US 12,314,418 B2
Differentially private security system using gaussian noise and dynamic step size
Liam James Damewood, Millbrae, CA (US); Oana Niculaescu, San Francisco, CA (US); Alexander Rozenshteyn, Montvale, NJ (US); and Mikhail Rudoy, San Francisco, CA (US)
Assigned to Snowflake Inc., Bozeman, MT (US)
Filed by Snowflake Inc., Bozeman, MT (US)
Filed on Oct. 30, 2023, as Appl. No. 18/497,648.
Claims priority of provisional application 63/513,226, filed on Jul. 12, 2023.
Prior Publication US 2025/0021680 A1, Jan. 16, 2025
Int. Cl. G06F 21/62 (2013.01); G06F 16/2457 (2019.01)

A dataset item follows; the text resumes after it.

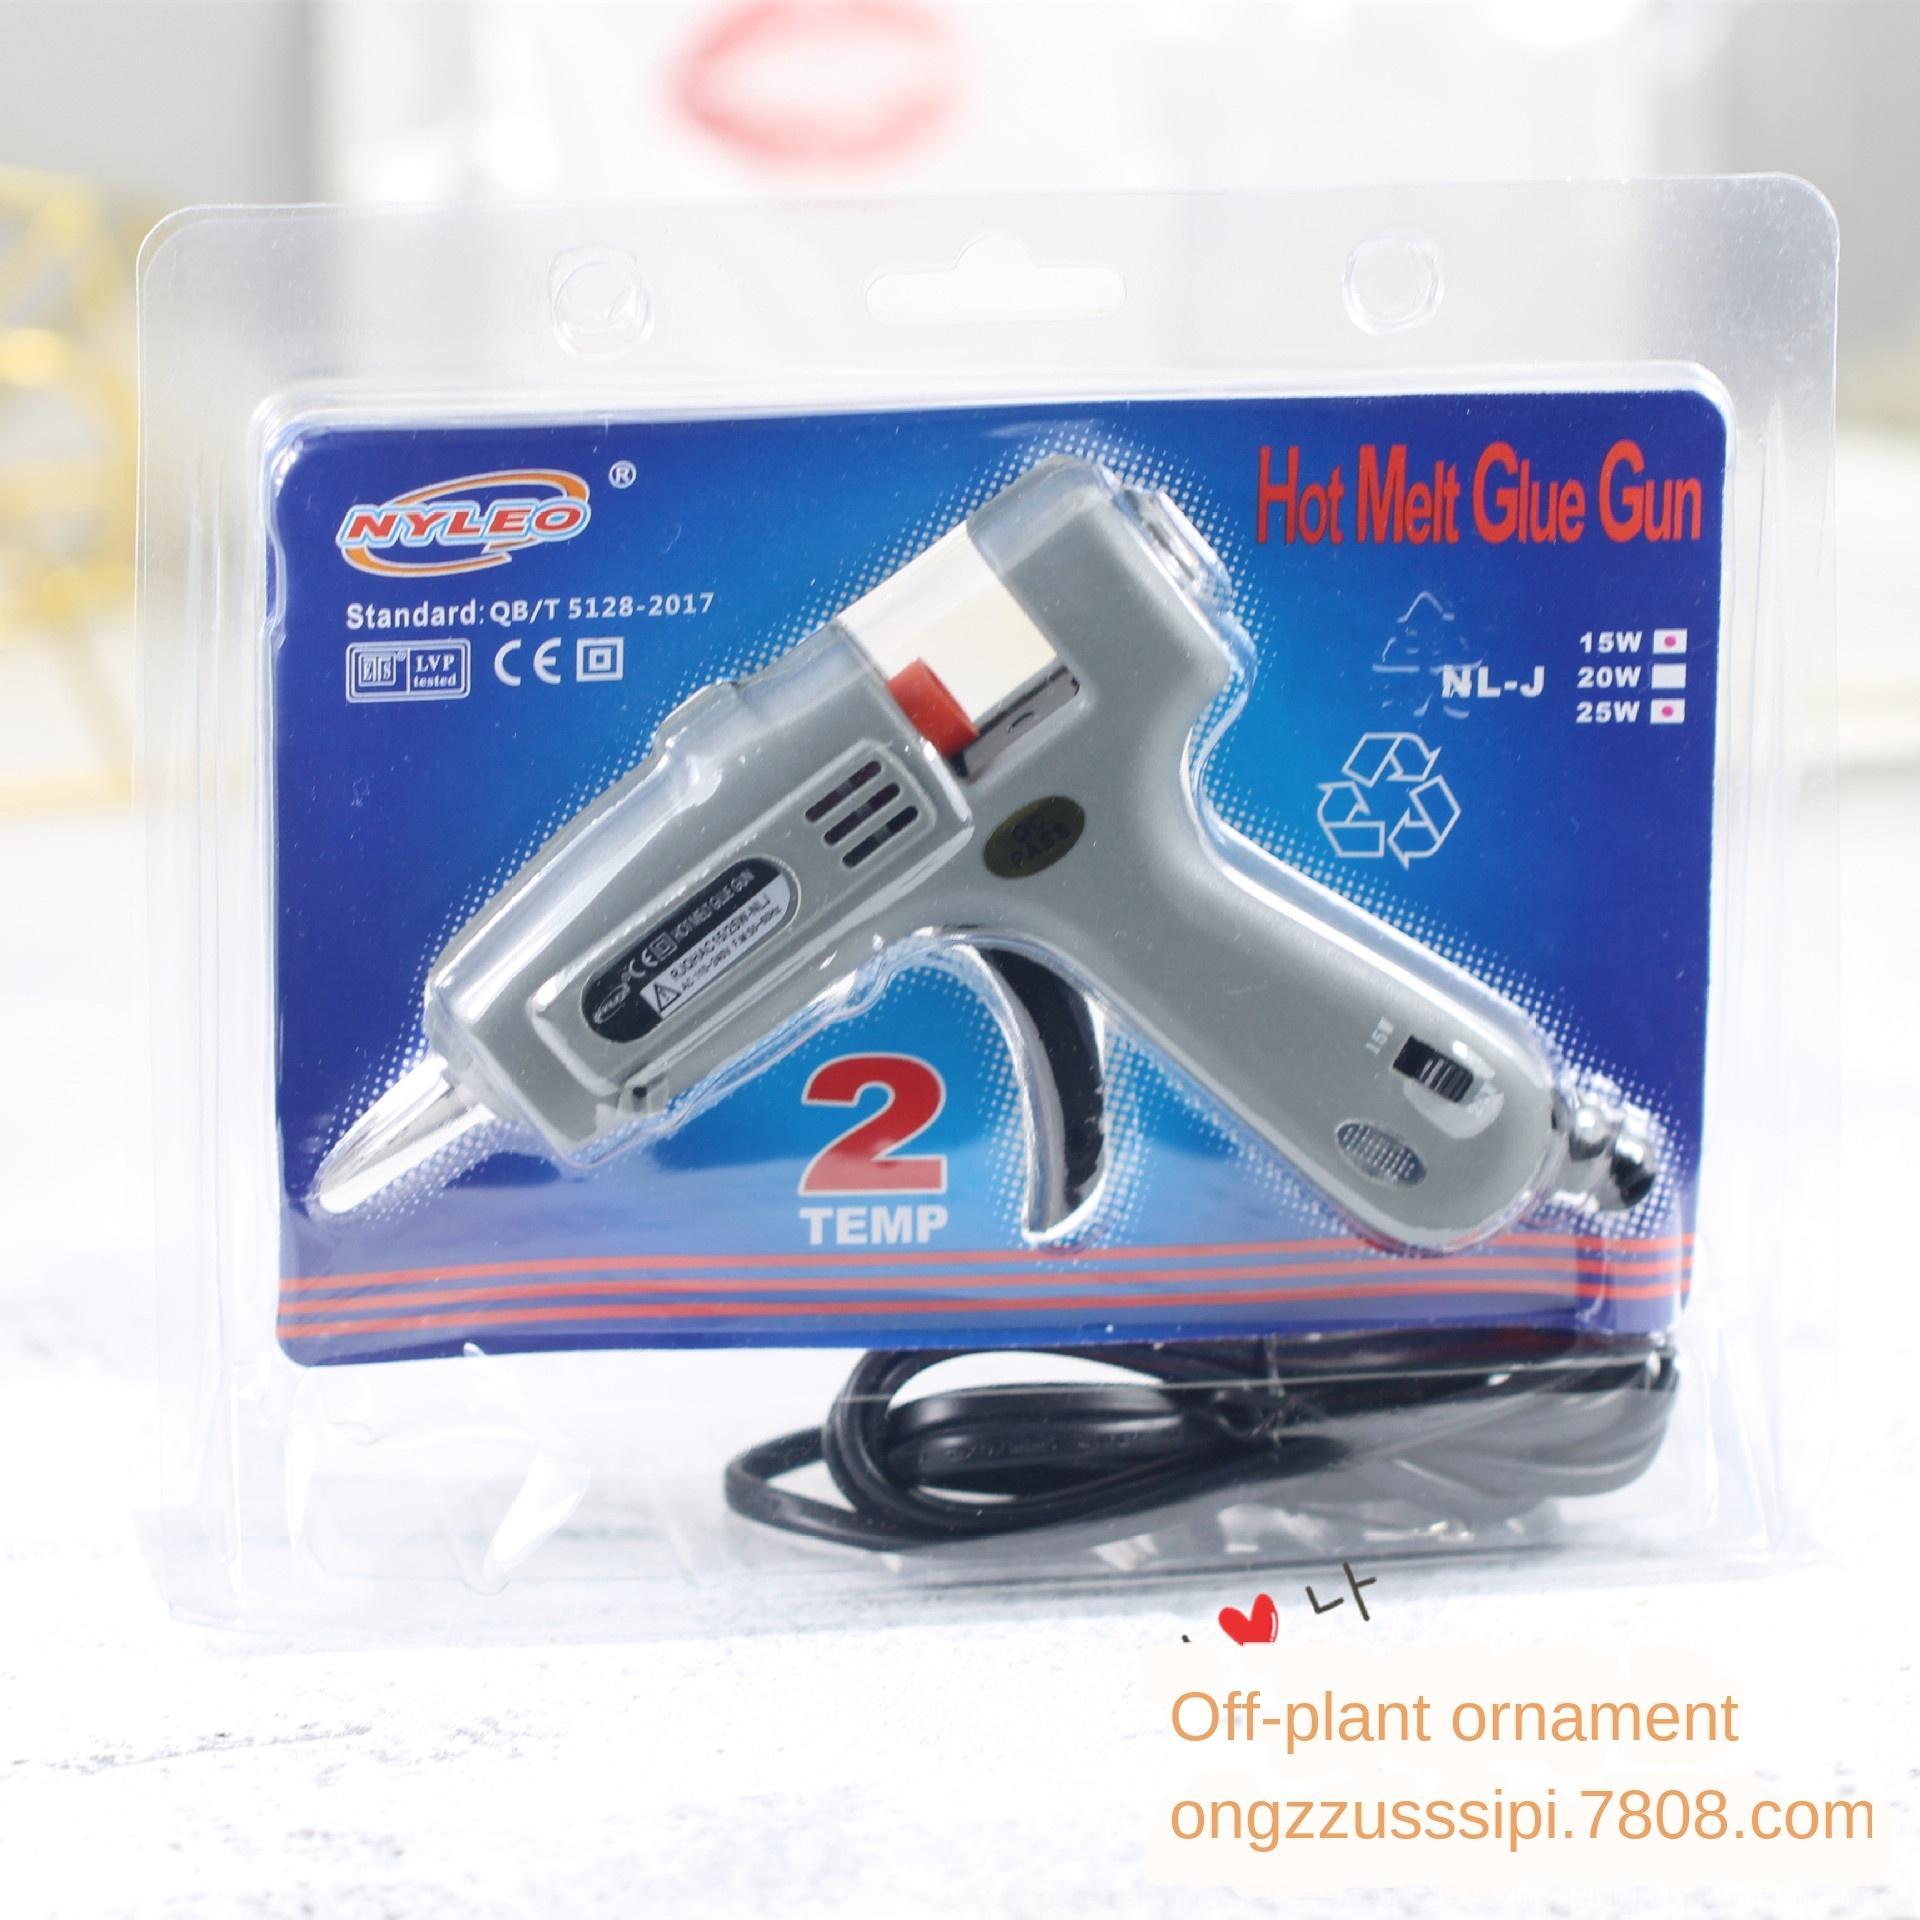 Po5gX hecho a mano pistola especial hecho a mano DIY DIY accesorios pegamento especial pistola de pegamento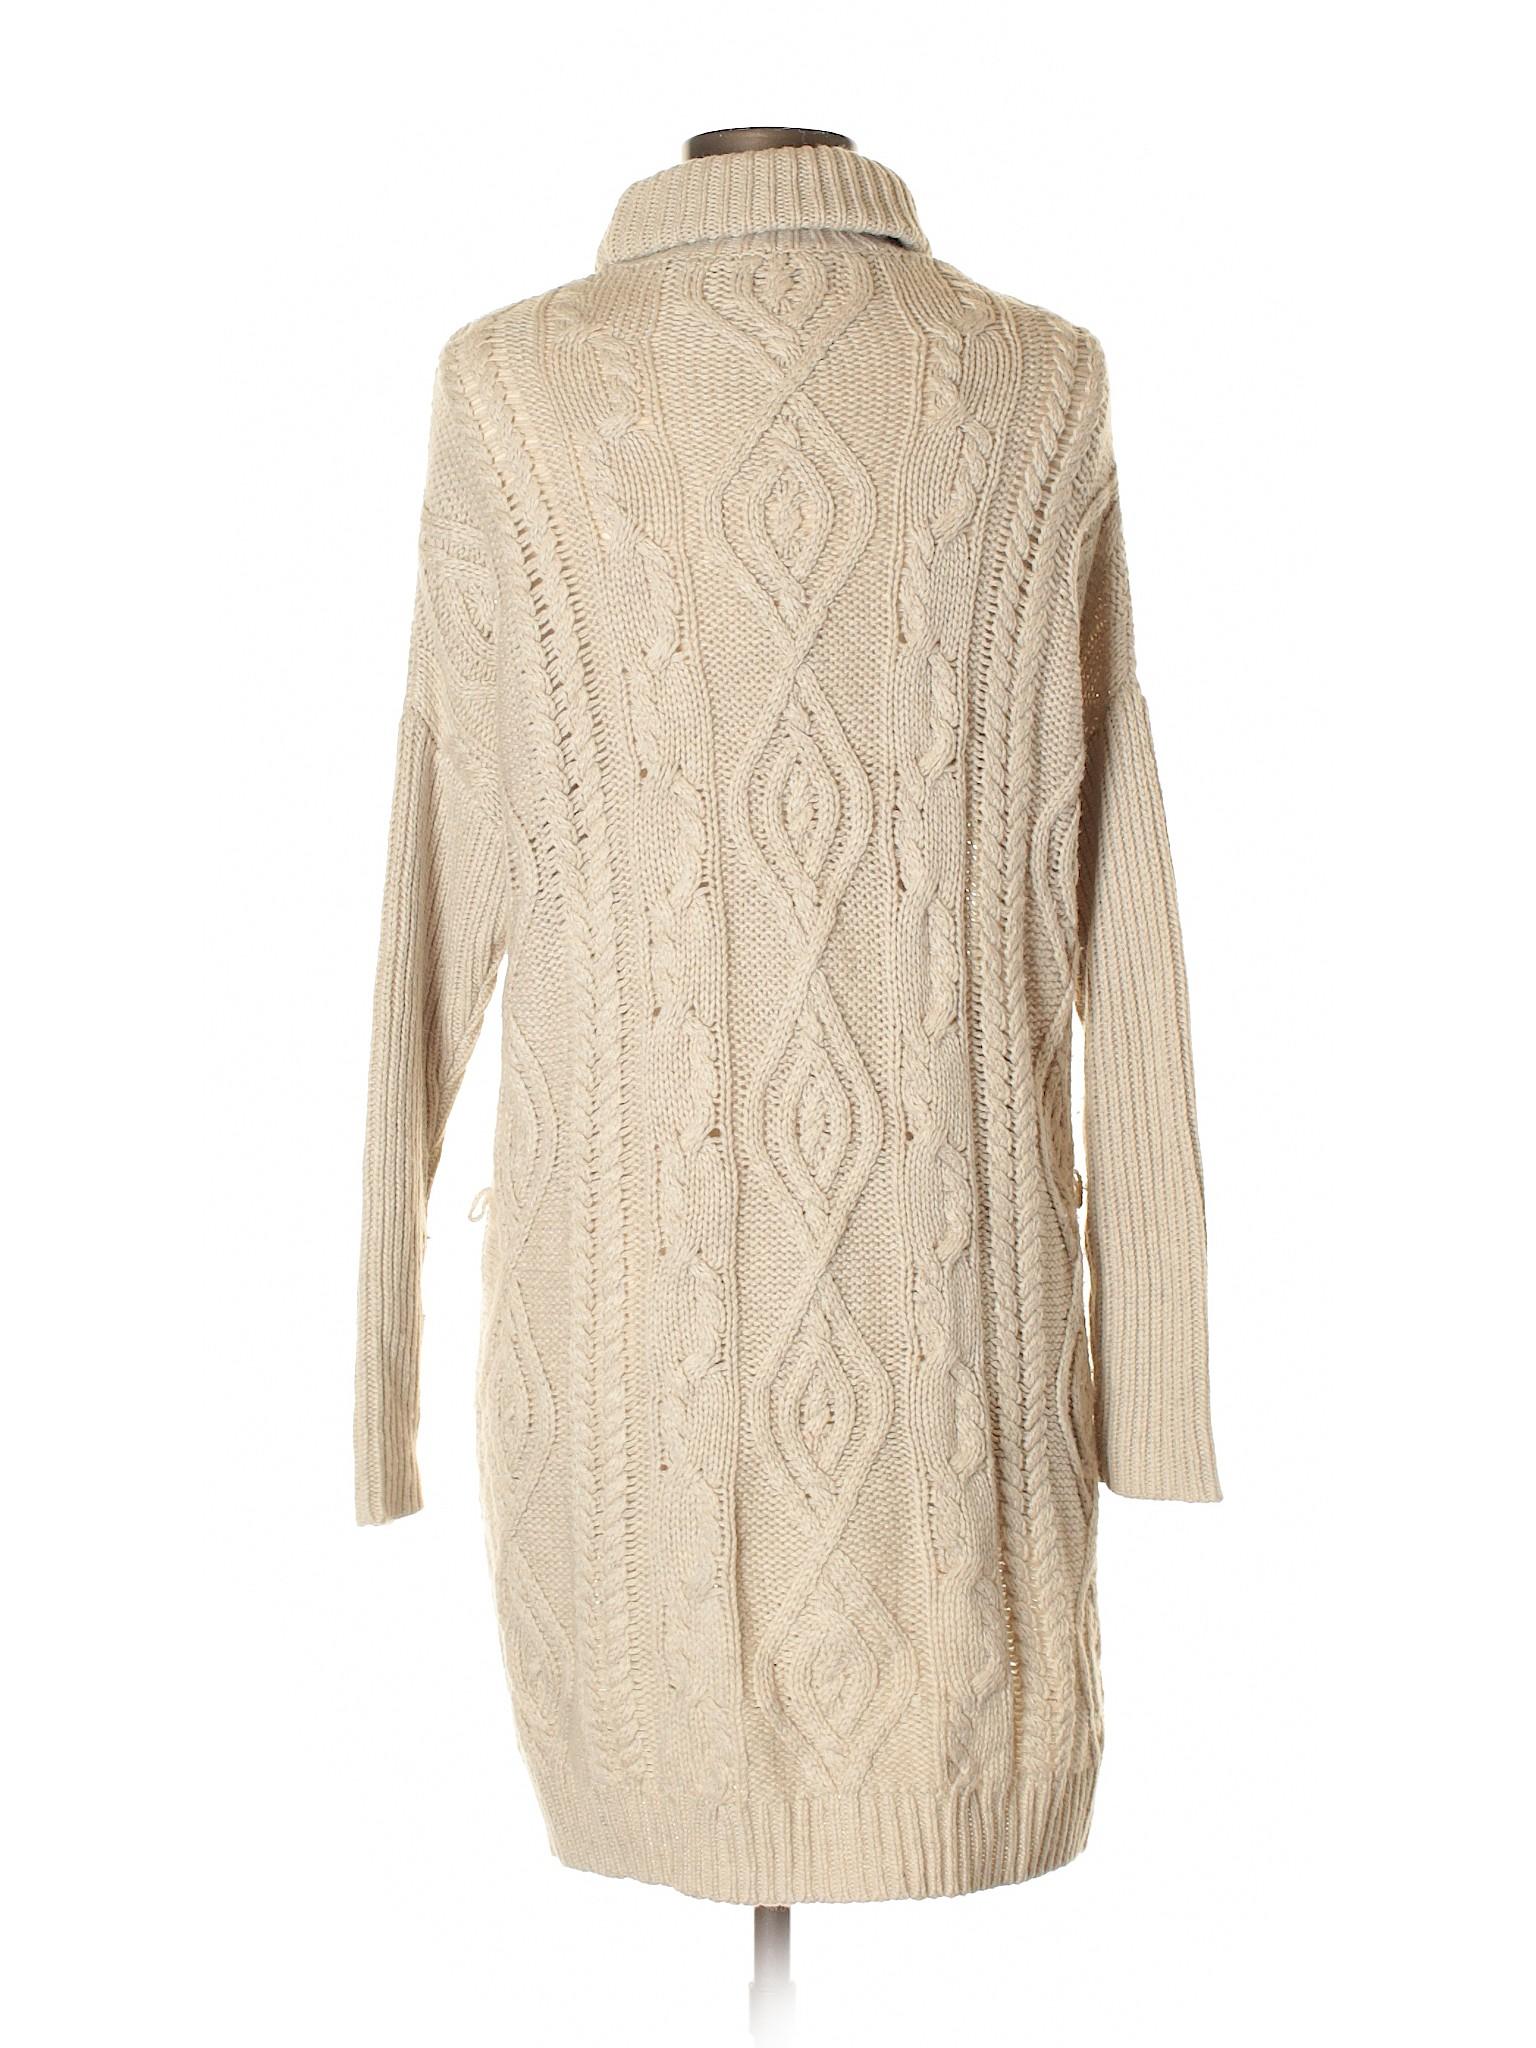 Moda Boutique International Casual winter Dress qSS5vr

CPC G06F 21/6218 (2013.01) [G06F 16/24575 (2019.01); G06F 21/6227 (2013.01)] 24 Claims
OG exemplary drawing
 
1. A method comprising:
receiving, by at least one hardware processor of a dedicated hardware device, a request from a client device to perform a query on a set of data stored by a database, the request received via a graphical user interface configured at the dedicated hardware device, the request identifying a target accuracy and a maximum privacy spend, the target accuracy comprising a maximum relative error, and the maximum privacy spend comprising a value of a zero-concentrated privacy parameter ρ associated with a degree of information released about the set of data due to the query;
transforming by a query handling engine configured at the dedicated hardware device, the query into one or more function calls compatible with the database;
accessing via communication circuitry of the dedicated hardware device, a computing node that is external to the dedicated hardware device, the computing node housing the database with the set of data;
invoking the one or more function calls to perform a differentially private count operation on the set of data to produce a differentially private result, the differentially private count operation comprising:
performing a count operation on the set of data to produce a result;
perturbing the result to produce a differentially private result using a noise value sampled from a Gaussian distribution and based on a fractional privacy spend comprising a fraction of the maximum privacy spend associated with the zero-concentrated privacy parameter ρ; and
iteratively calibrating the noise value of the differentially private result using an inverse variance weighted averaging and additional samples from the Gaussian distribution and a new fractional privacy spend until at least one of:
an iteration uses the maximum privacy spend; and
a relative error of the differentially private result is determined to satisfy the target accuracy; and
encoding by the communication circuitry of the dedicated hardware device, the differentially private result for transmission to the client device.